Download or read book Offshore Wind Energy Technology written by Olimpo Anaya-Lara and published by John Wiley & Sons. This book was released on 2018-05-11 with total page 459 pages. Available in PDF, EPUB and Kindle. Book excerpt: A COMPREHENSIVE REFERENCE TO THE MOST RECENT ADVANCEMENTS IN OFFSHORE WIND TECHNOLOGY Offshore Wind Energy Technology offers a reference based on the research material developed by the acclaimed Norwegian Research Centre for Offshore Wind Technology (NOWITECH) and material developed by the expert authors over the last 20 years. This comprehensive text covers critical topics such as wind energy conversion systems technology, control systems, grid connection and system integration, and novel structures including bottom-fixed and floating. The text also reviews the most current operation and maintenance strategies as well as technologies and design tools for novel offshore wind energy concepts. The text contains a wealth of mathematical derivations, tables, graphs, worked examples, and illustrative case studies. Authoritative and accessible, Offshore Wind Energy Technology: Contains coverage of electricity markets for offshore wind energy and then discusses the challenges posed by the cost and limited opportunities Discusses novel offshore wind turbine structures and floaters Features an analysis of the stochastic dynamics of offshore/marine structures Describes the logistics of planning, designing, building, and connecting an offshore wind farm Written for students and professionals in the field, Offshore Wind Energy Technology is a definitive resource that reviews all facets of offshore wind energy technology and grid connection.

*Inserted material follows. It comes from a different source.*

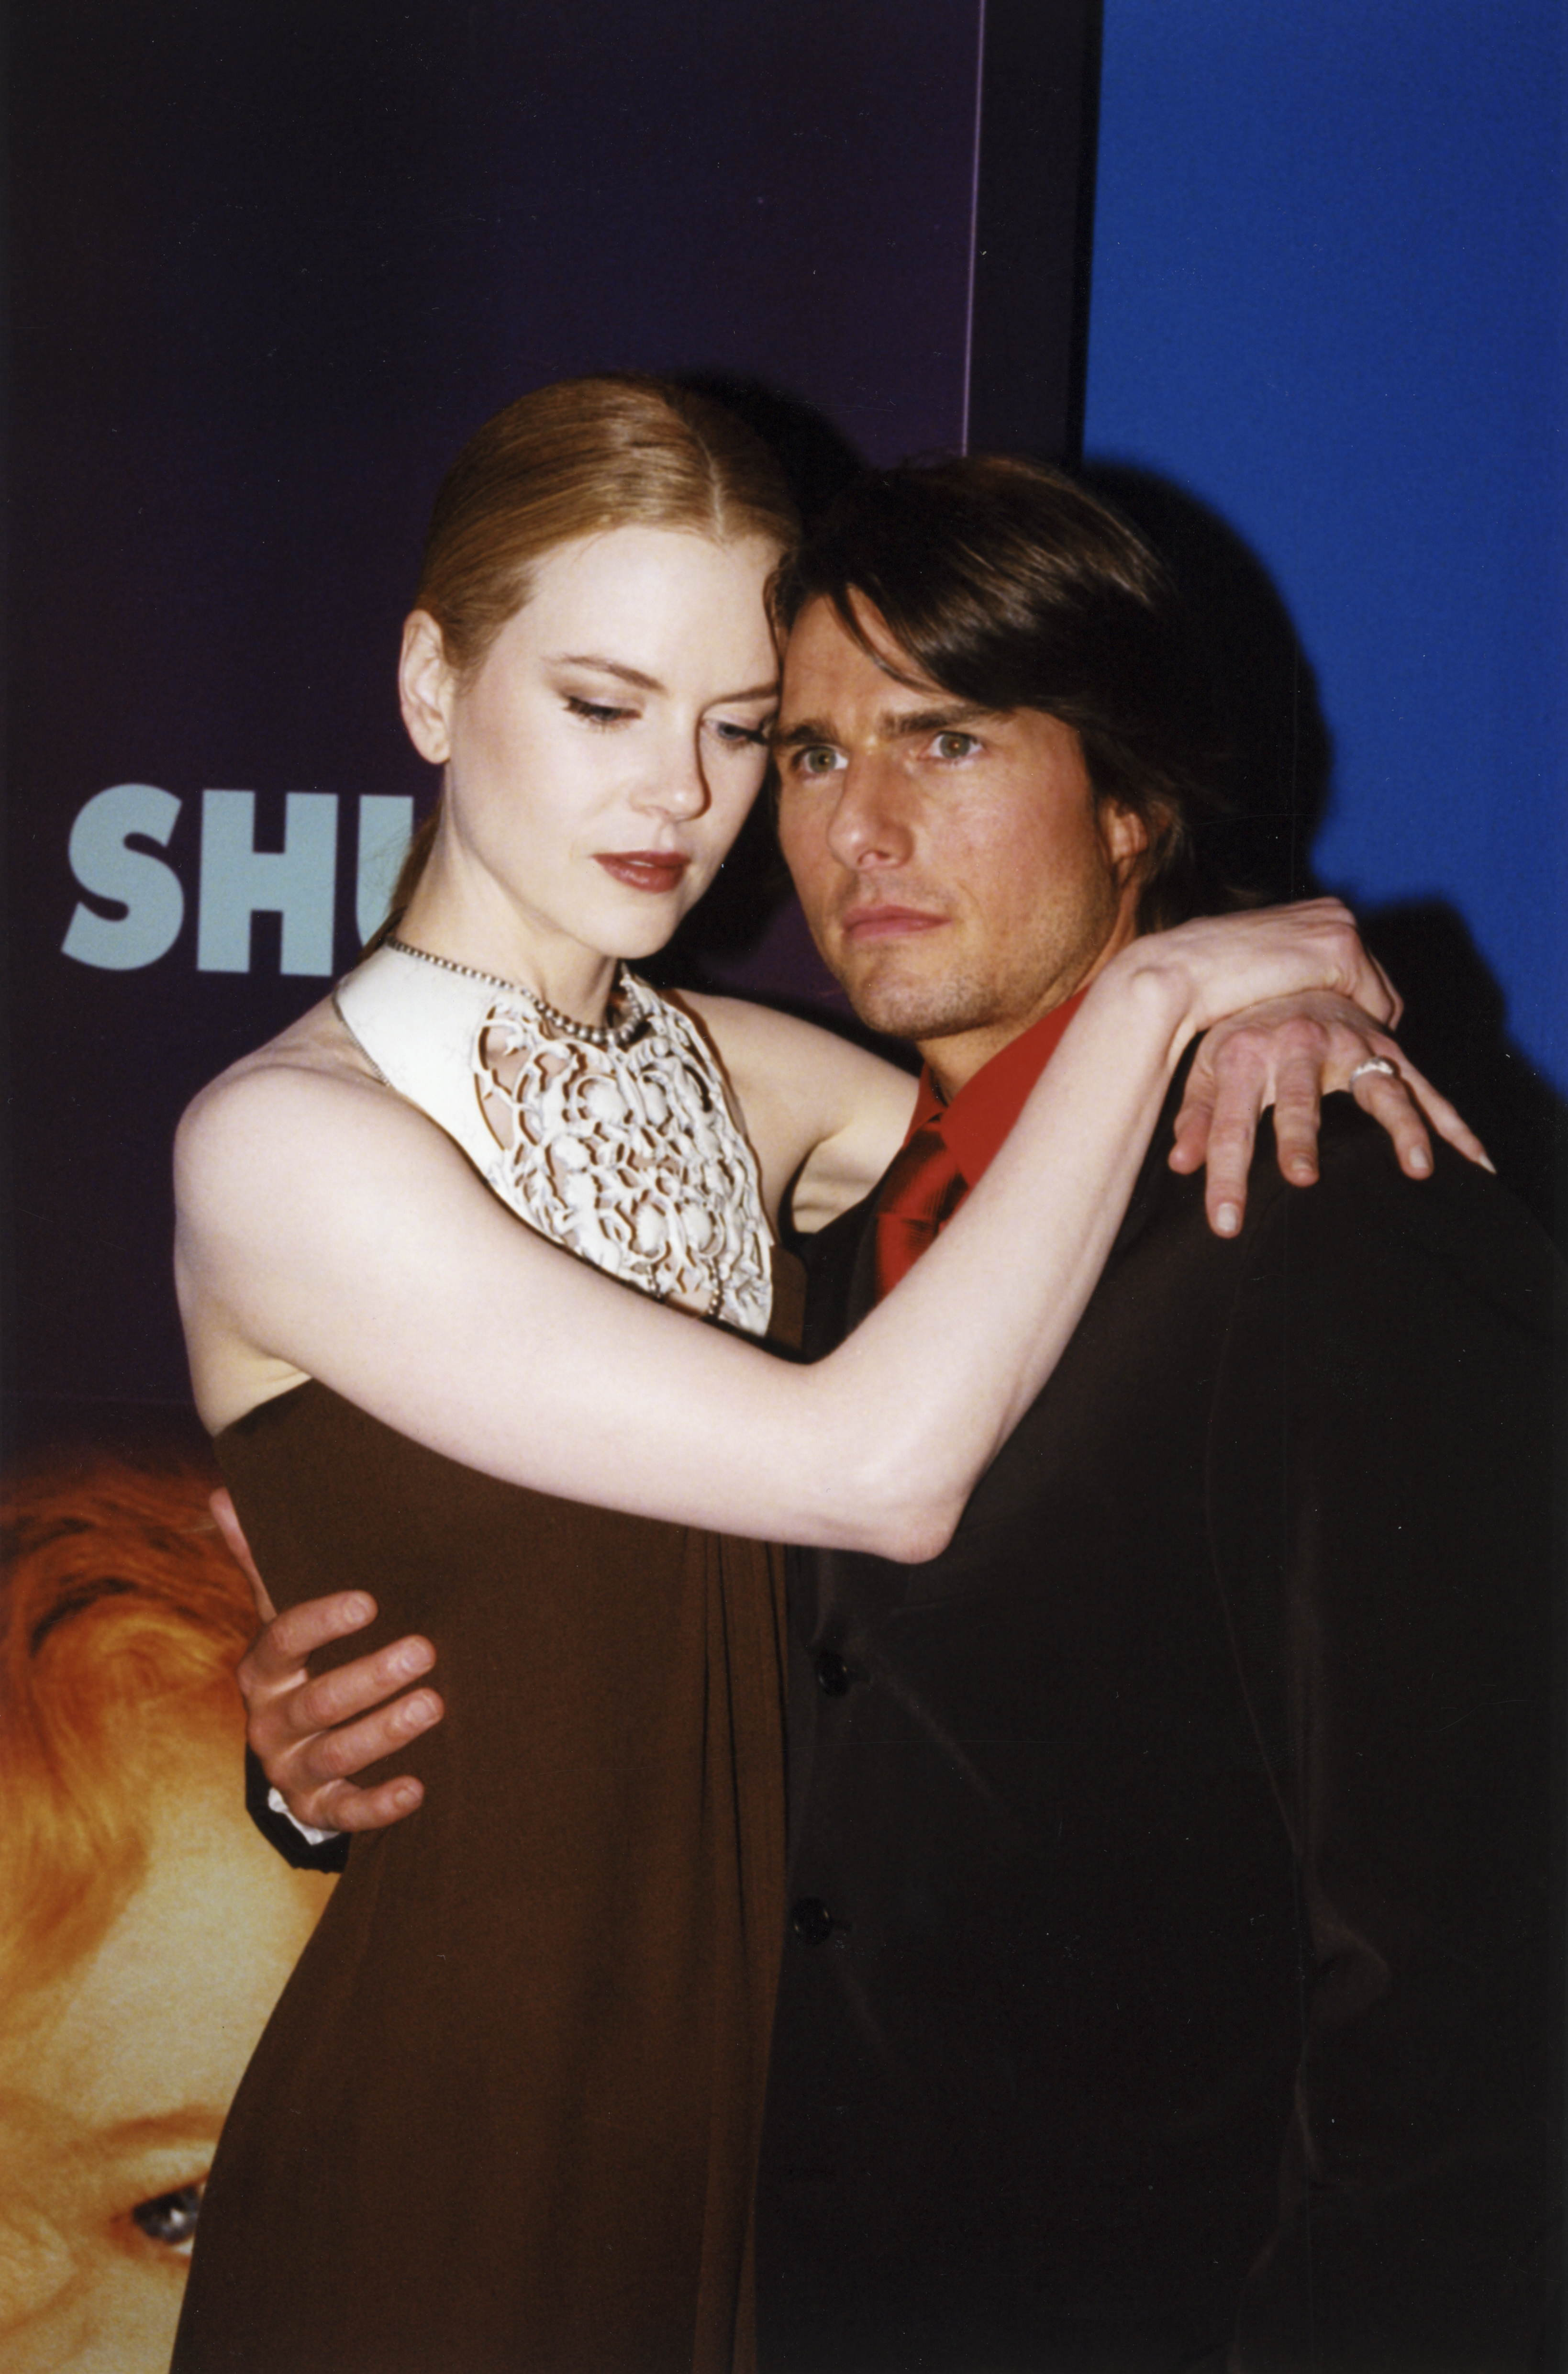 Nicole Kidman and Tom Cruise at the "Eyes Wide Shut" premiere in Paris in 1999 | Source: Getty Images
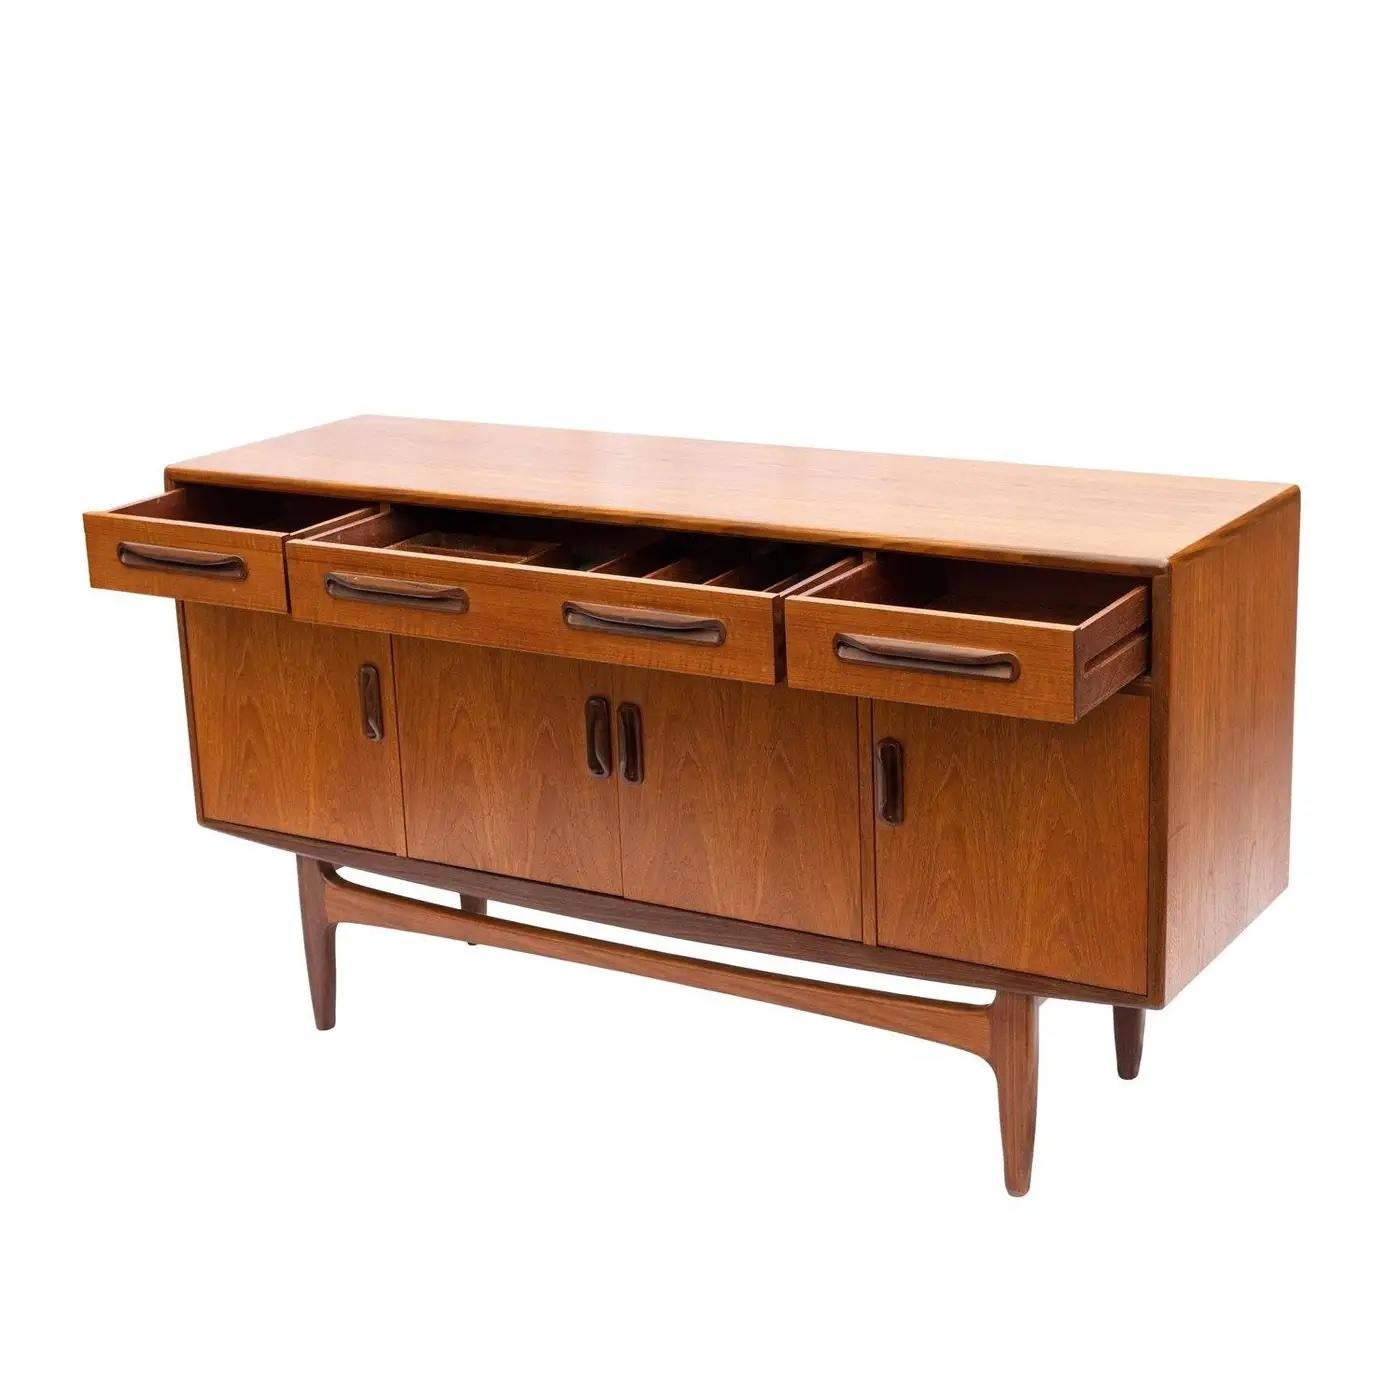 Mid-Century Teak Fresco Sideboard by v. Wilkins for G Plan, English, Ca. 1960 In Good Condition For Sale In Banner Elk, NC

Download or read book Wind Turbine Technology written by Muyiwa Adaramola and published by CRC Press. This book was released on 2014-02-24 with total page 358 pages. Available in PDF, EPUB and Kindle. Book excerpt: This title includes a number of Open Access chapters. This important book presents a selection of new research on wind turbine technology, including aerodynamics, generators and gear systems, towers and foundations, control systems, and environmental issues. This informative book: • Introduces the principles of wind turbine design • Presents methods for analysis of wind turbine performance • Discusses approaches for wind turbine improvement and optimization • Covers fault detection in wind turbines • Describes mediating the adverse effects of wind turbine use and installation

Download or read book Wind Energy Explained written by James F. Manwell and published by John Wiley & Sons. This book was released on 2010-09-14 with total page 704 pages. Available in PDF, EPUB and Kindle. Book excerpt: Wind energy’s bestselling textbook- fully revised. This must-have second edition includes up-to-date data, diagrams, illustrations and thorough new material on: the fundamentals of wind turbine aerodynamics; wind turbine testing and modelling; wind turbine design standards; offshore wind energy; special purpose applications, such as energy storage and fuel production. Fifty additional homework problems and a new appendix on data processing make this comprehensive edition perfect for engineering students. This book offers a complete examination of one of the most promising sources of renewable energy and is a great introduction to this cross-disciplinary field for practising engineers. “provides a wealth of information and is an excellent reference book for people interested in the subject of wind energy.” (IEEE Power & Energy Magazine, November/December 2003) “deserves a place in the library of every university and college where renewable energy is taught.” (The International Journal of Electrical Engineering Education, Vol.41, No.2 April 2004) “a very comprehensive and well-organized treatment of the current status of wind power.” (Choice, Vol. 40, No. 4, December 2002)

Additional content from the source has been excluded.